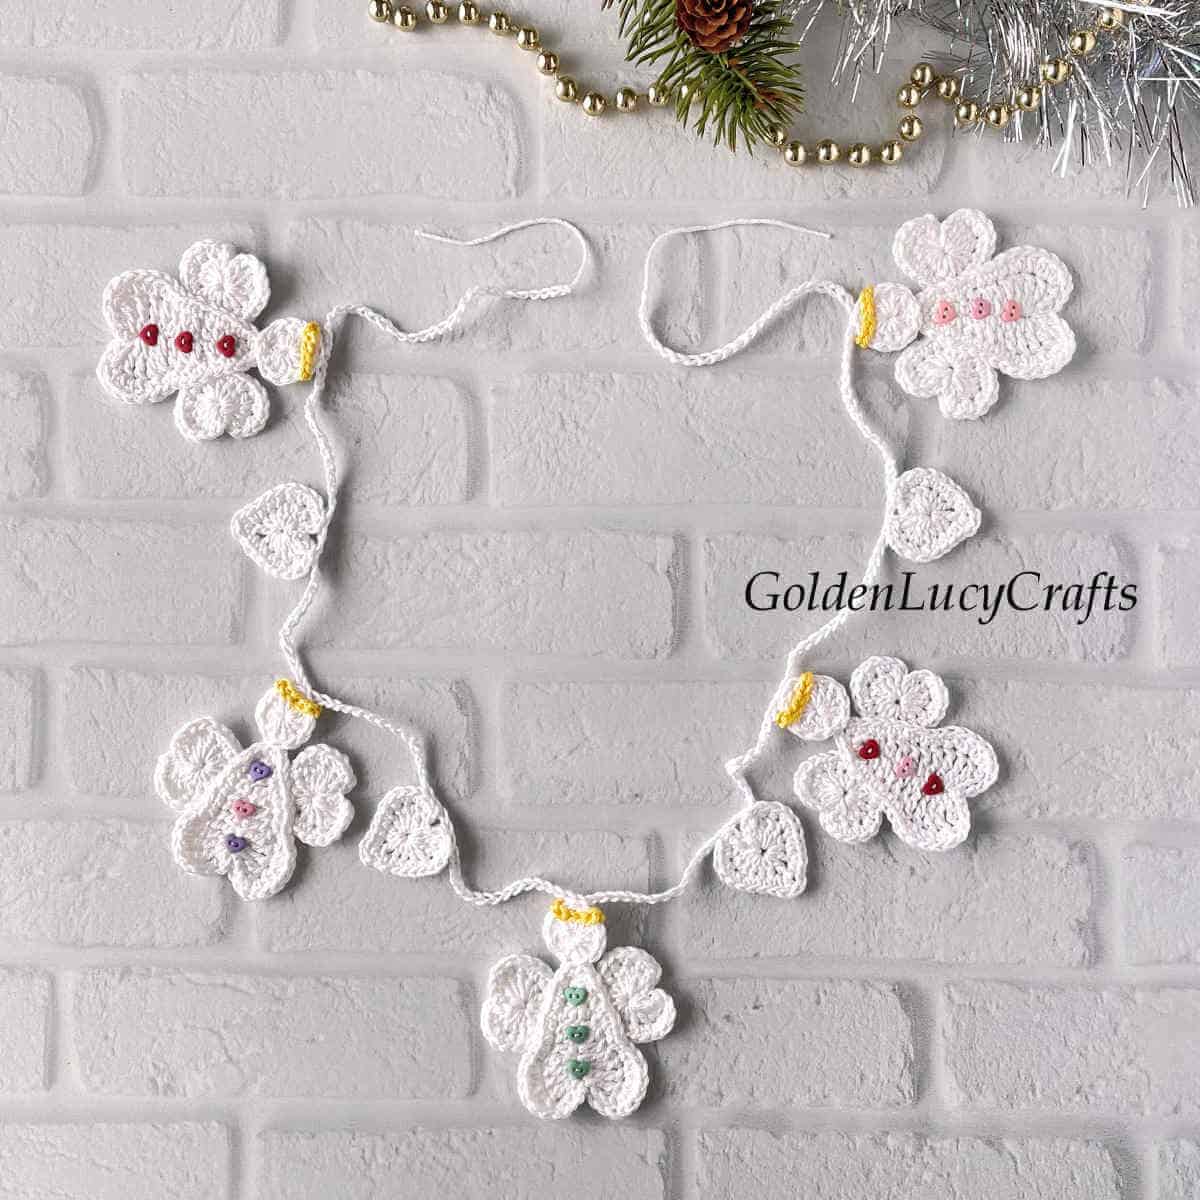 Crocheted Christmas garland with angels and hearts.
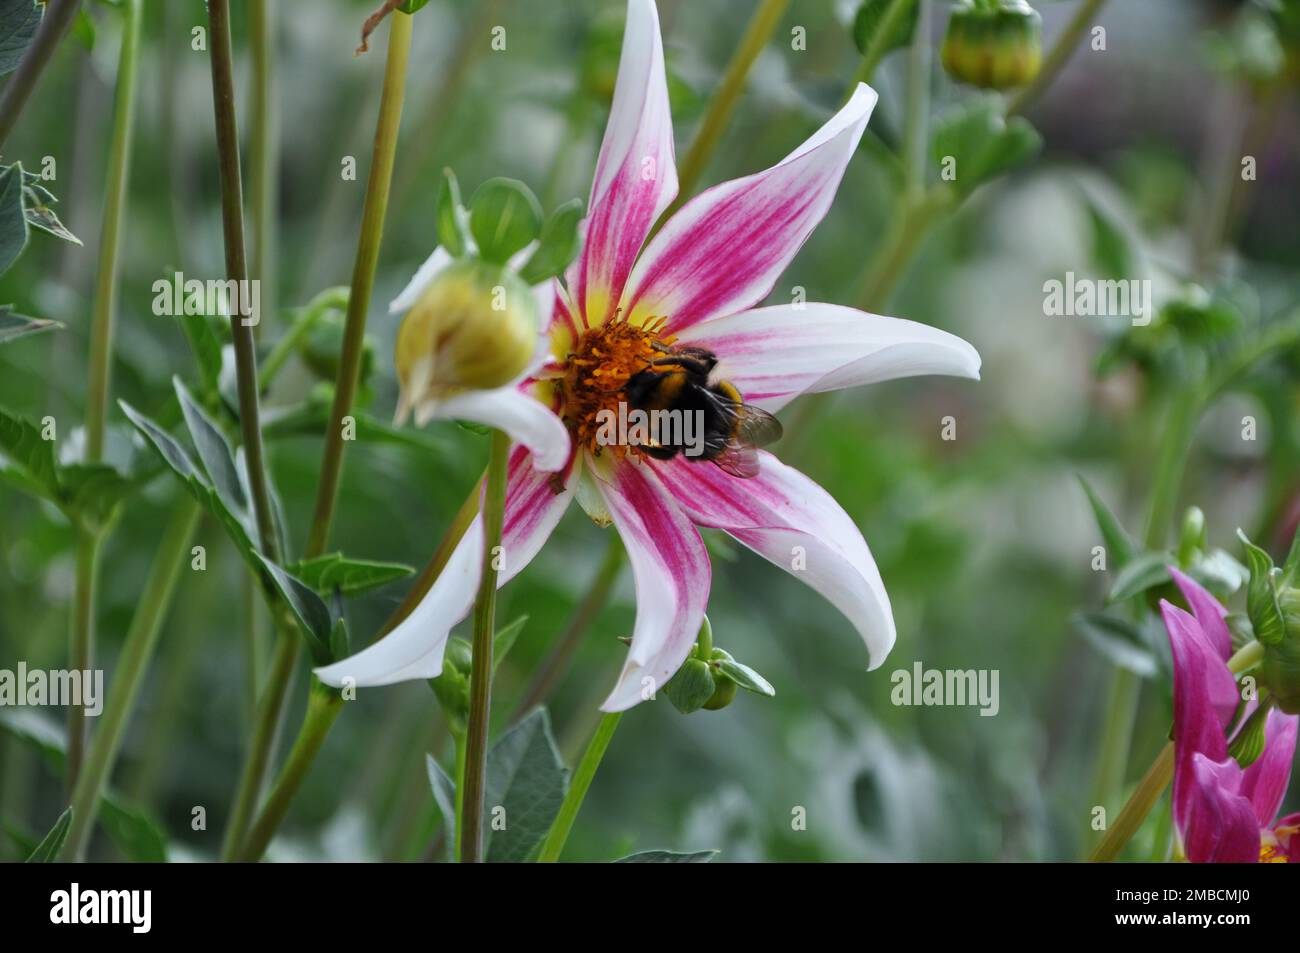 Anemone hupehensis, called «Prinz Heinrich». Flowers of the Japanese anemone, Anemone hupehensis.Bumblebee on pink floral. Stock Photo
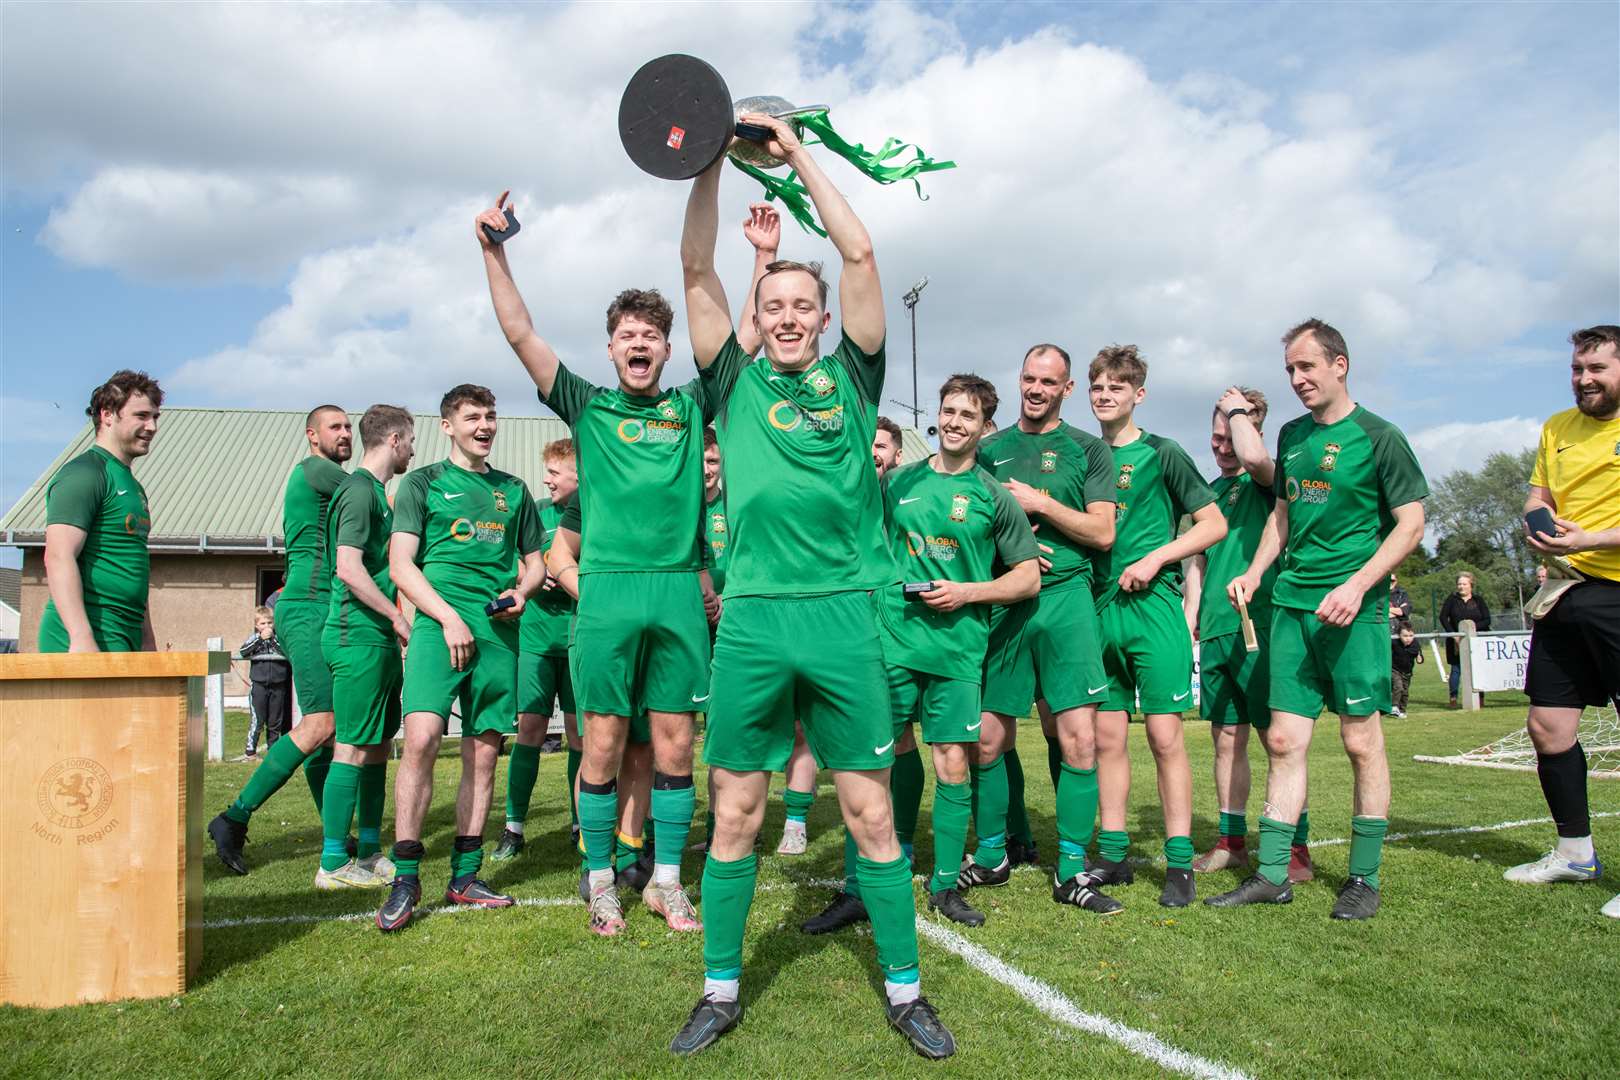 Dufftown celebrate their Elginshire Cup success...Dufftown FC (2) vs Forres Thistle FC (2) - Dufftown FC win 5-3 on penalties - Elginshire Cup Final held at Logie Park, Forres 14/05/2022...Picture: Daniel Forsyth..
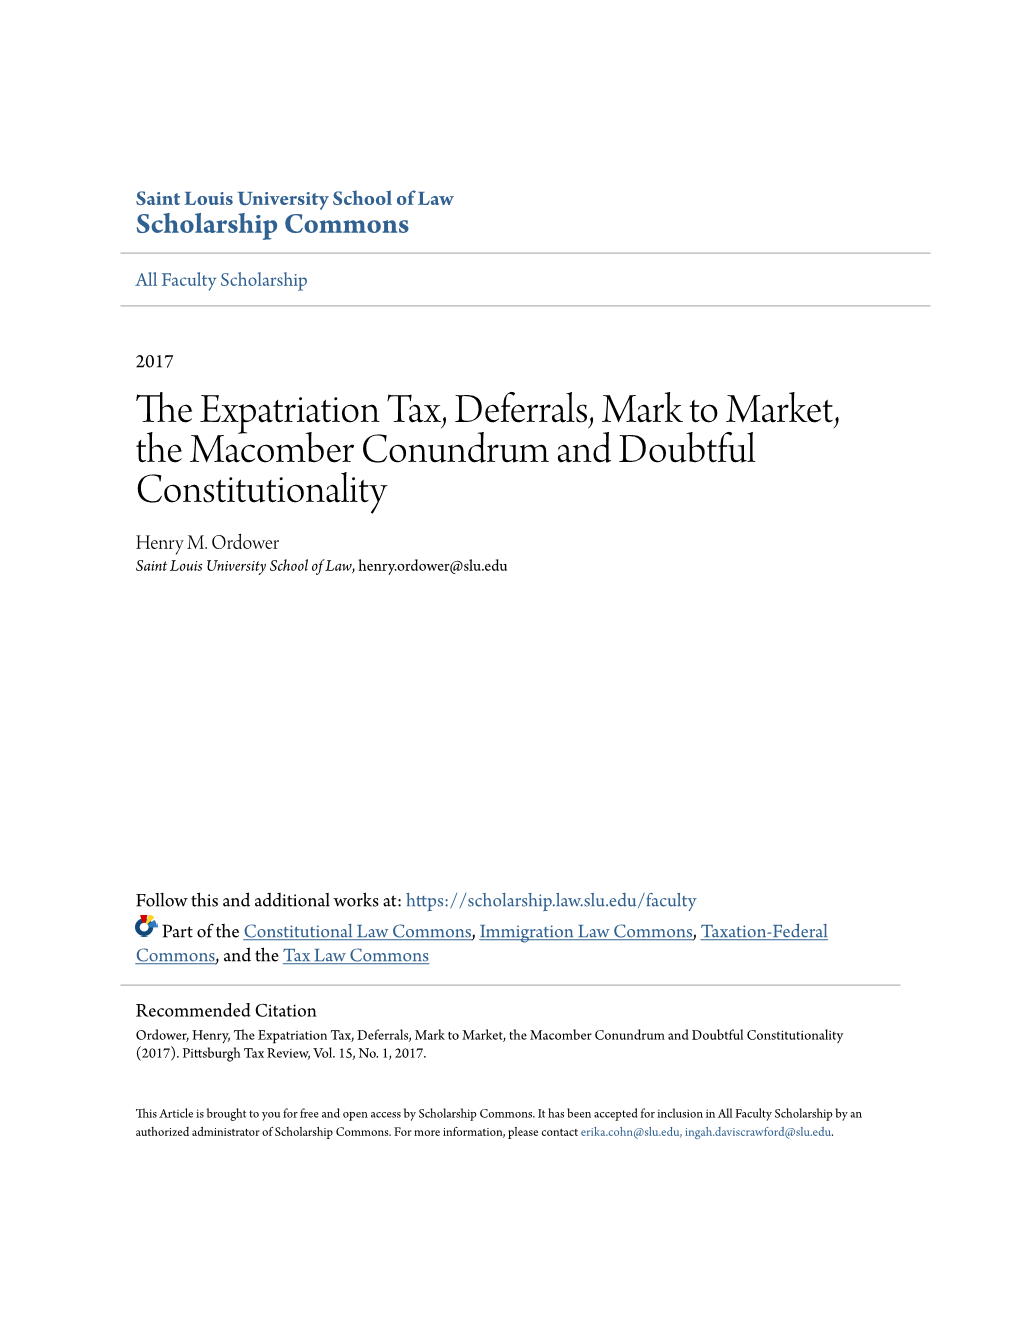 The Expatriation Tax, Deferrals, Mark to Market, the Macomber Conundrum and Doubtful Constitutionality Henry M
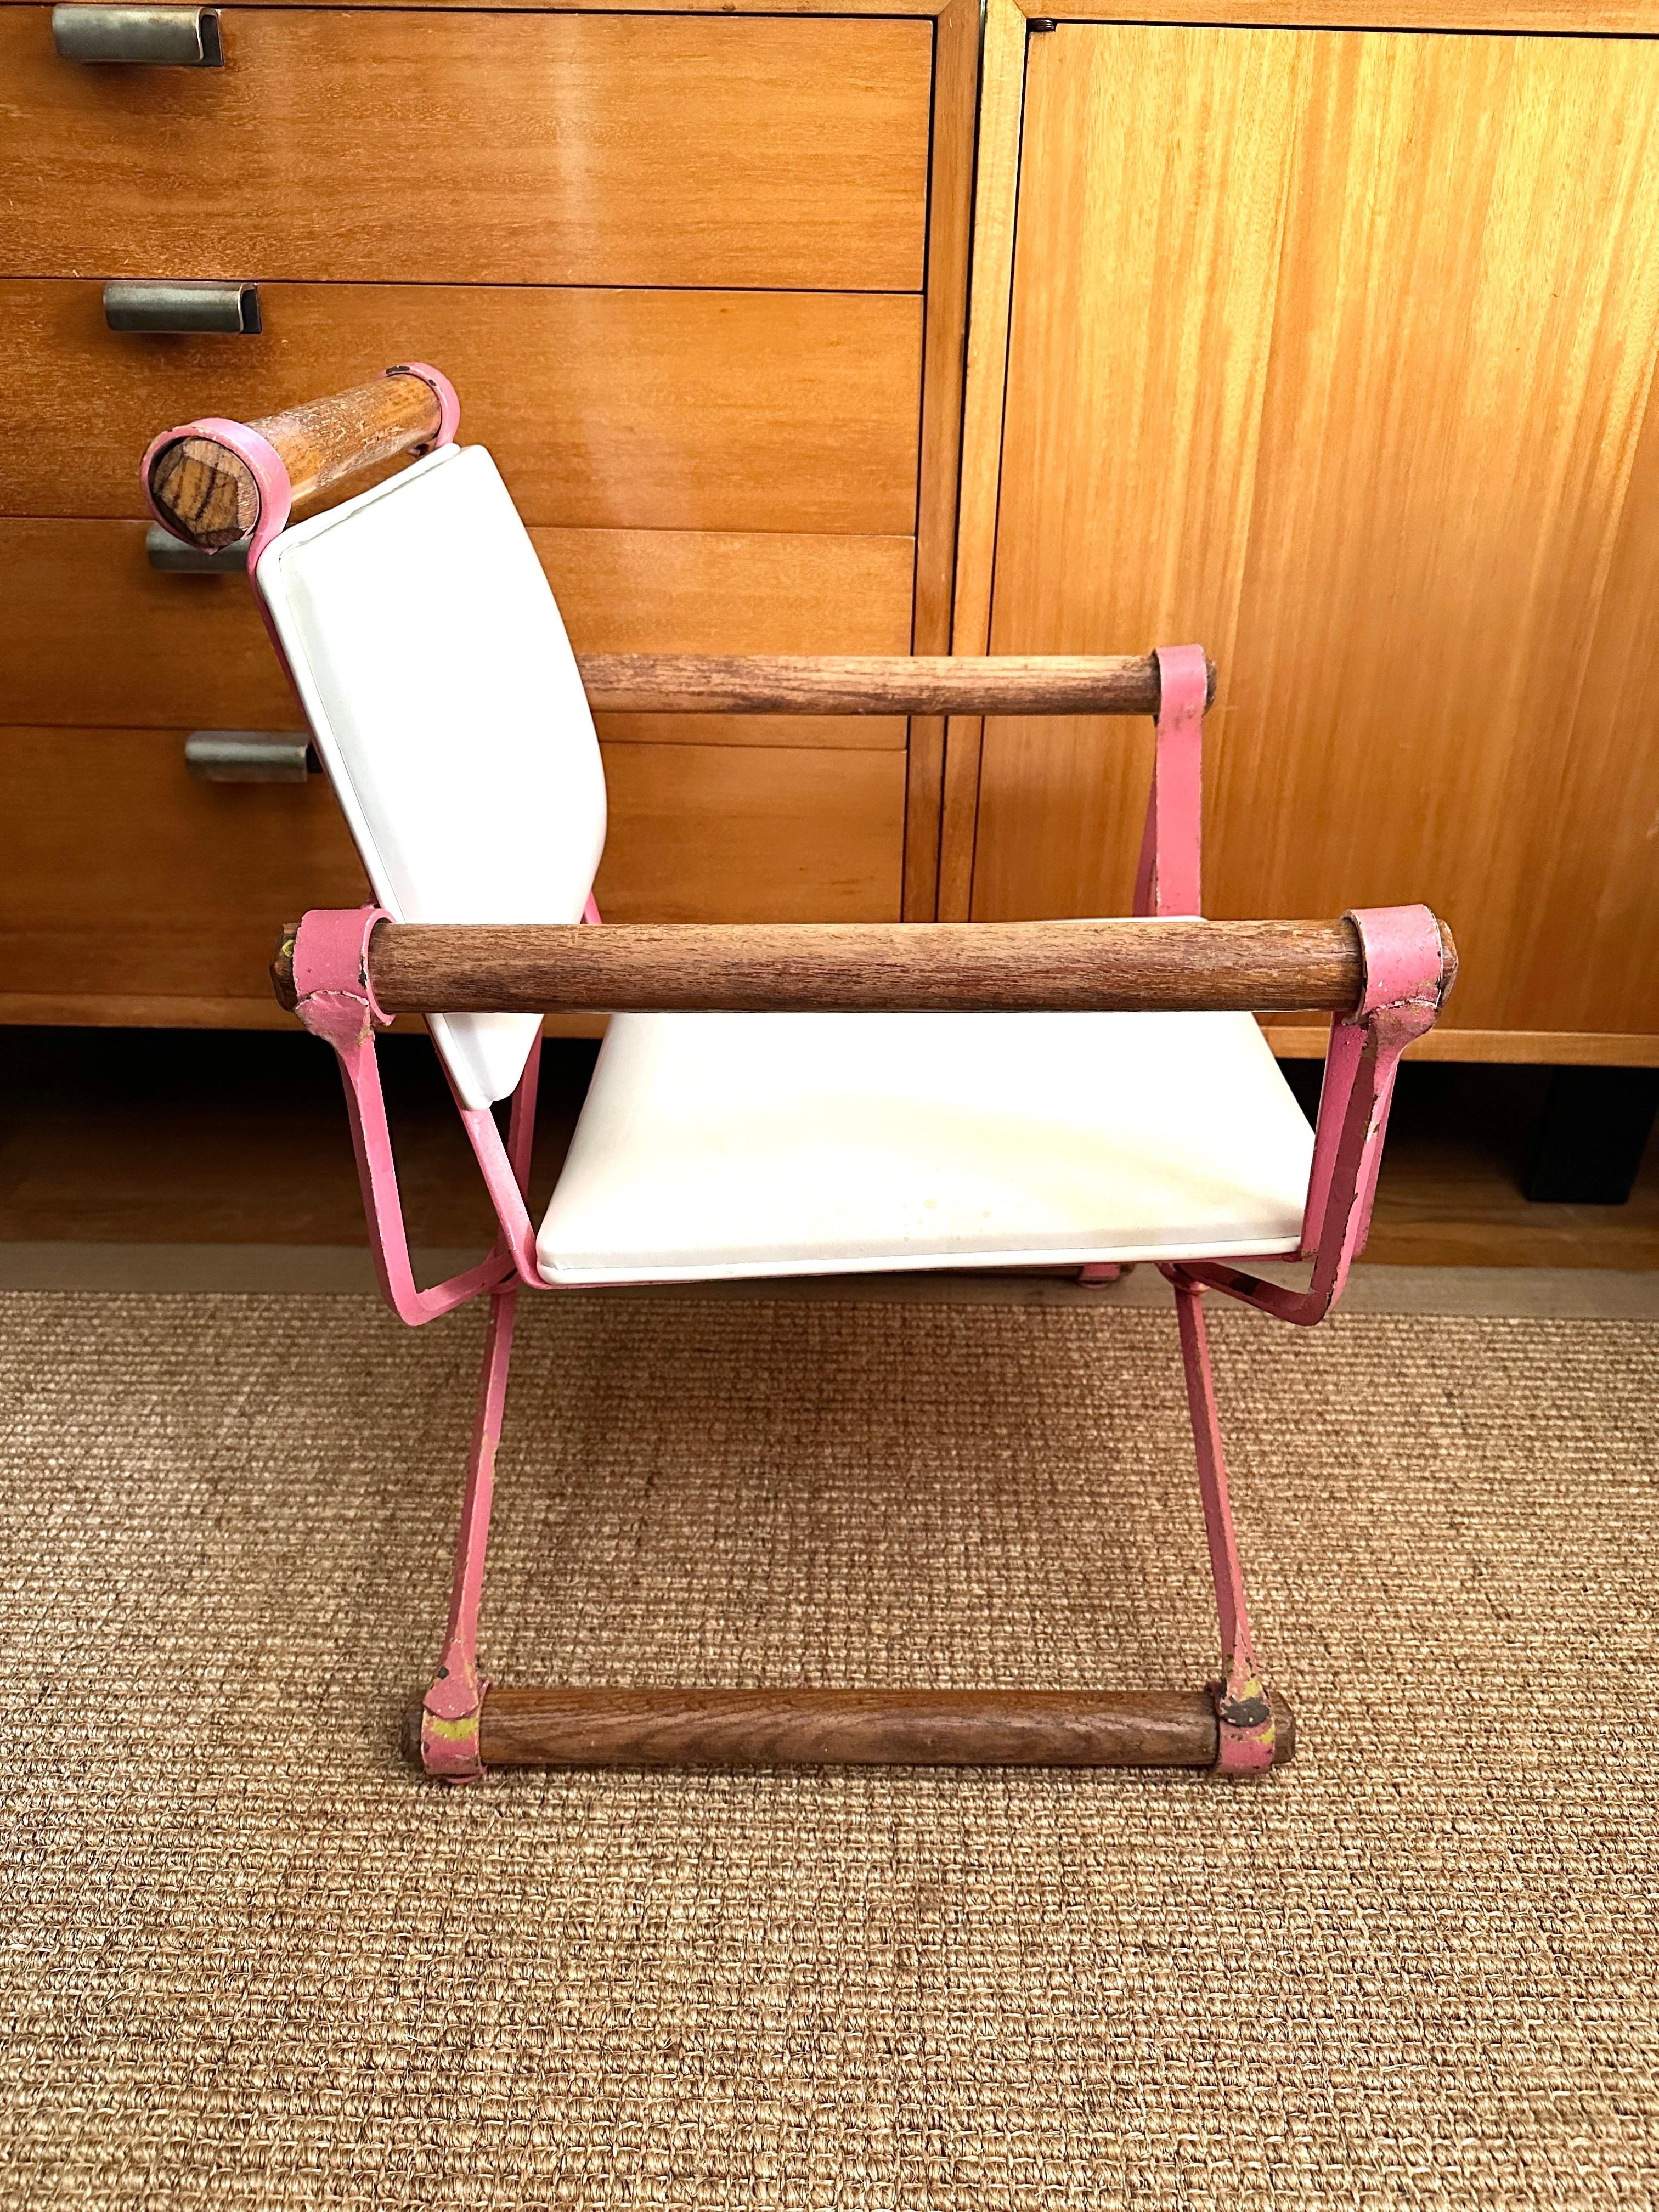 Mid-20th Century Diminutive Childs Chair Designed by Cleo Baldon for Terra For Sale

■ **Task objective**:
Exactly restate the lines from the one holding "The Expatriation Tax, Deferrals, Mark" to the final line of the records above, including both and excluding pictures.

■ **Finished exercise**:
 The Expatriation Tax, Deferrals, Mark to Market, the Macomber Conundrum and Doubtful Constitutionality Henry M
 Mid-20th Century Diminutive Childs Chair Designed by Cleo Baldon for Terra For Sale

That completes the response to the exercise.